Peter Brooks Publishes Henry James Comes Home

April 16, 2025

The Yale Koerner Center is pleased to highlight the publication of Henry James Comes Home by Peter Brooks, released by the New York Review of Books. In this work, Professor Brooks revisits Henry James’s ten-month journey across the United States in 1904—a trip the novelist undertook after more than twenty years abroad. Confronting a dramatically transformed America, James sought to reconnect with a homeland that had become, in his view, central to the world’s future yet markedly changed in character.

Professor Brooks focuses on this pivotal journey and the resulting book, The American Scene, blending biography and literary criticism to retrace James’s observations as he traveled through the country, all the way to the Pacific Northwest. The work offers insight into James’s complex relationship with his native country, as well as his reflections on materialism, democracy, and identity in the early twentieth century.

Henry James Comes Home serves as a companion to Professor Brooks’s earlier volume, Henry James Goes to Paris, and contributes to ongoing discussions of James’s enduring relevance in American literary and cultural history.

Profssor Brooks is a Sterling Professor Emeritus of Comparative Literature at Yale University, where he was the founding director of the Whitney Humanities Center.

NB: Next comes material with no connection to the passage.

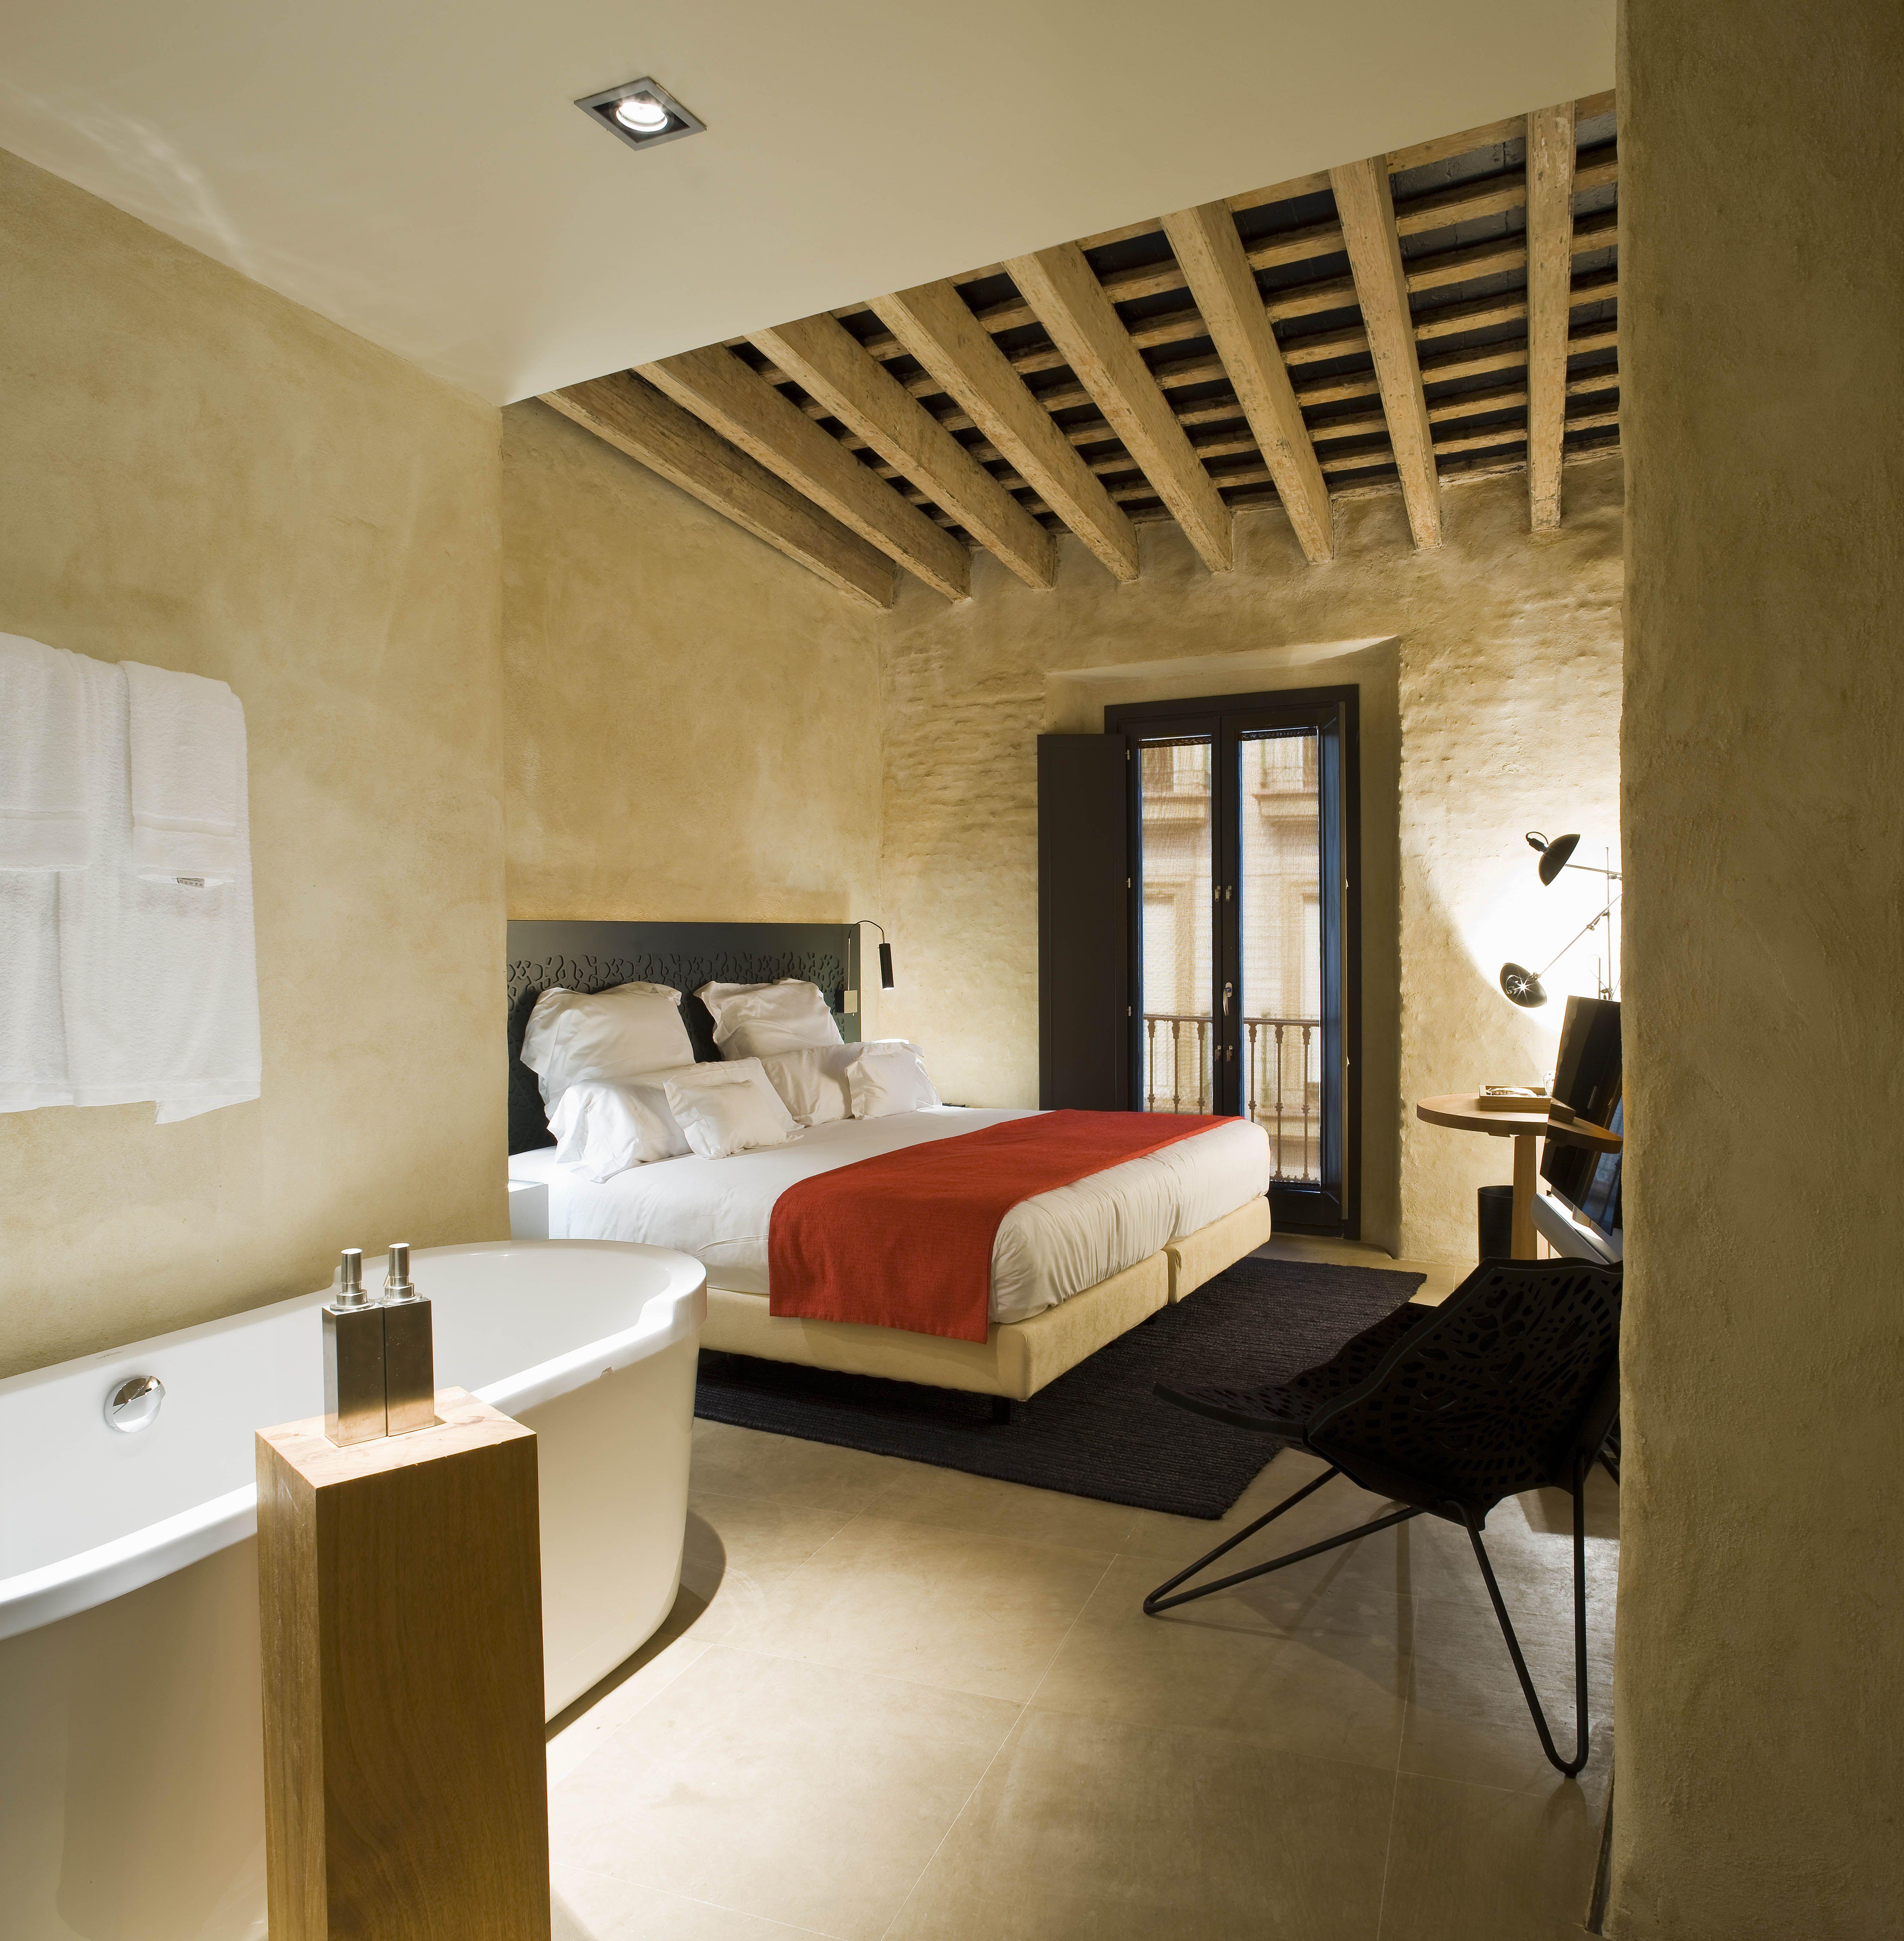 Hoteles hotel eme sevilla hotels restaurante hotel hotel sevilla sandra tarruella - Spa eme sevilla ...
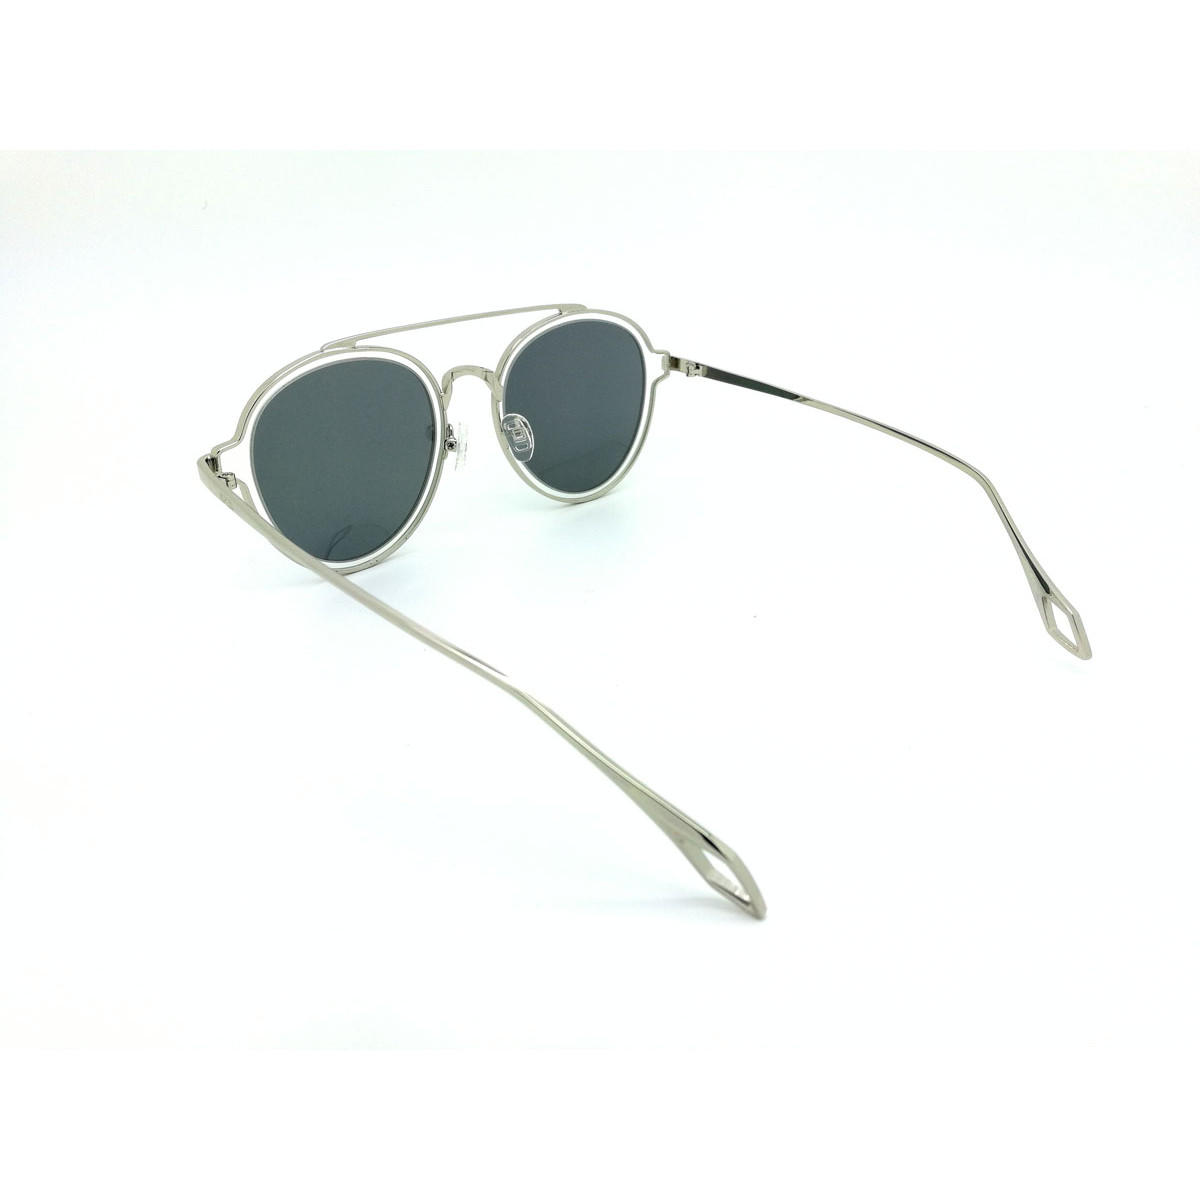 Sonnenbrille Miami | Grau

He taught also at the University of Virginia and Princeton, and as a visitor at Oxford, the University of Bologna, and the University of Copenhagen. He has published on narrative, psychoanalysis, and law, largely in nineteenth- and twentieth-century literature; in addition, he is author of two novels, World Elsewhere and The Emperor’s Body. His critical books include The Melodramatic Imagination, Reading for the Plot, Troubling Confessions, Realist Vision, Henry James Goes to Paris, Enigmas of Identity, Flaubert in the Ruins of Paris, Balzac’s Lives, and Seduced by Story: The Use and Abuse of Narrative.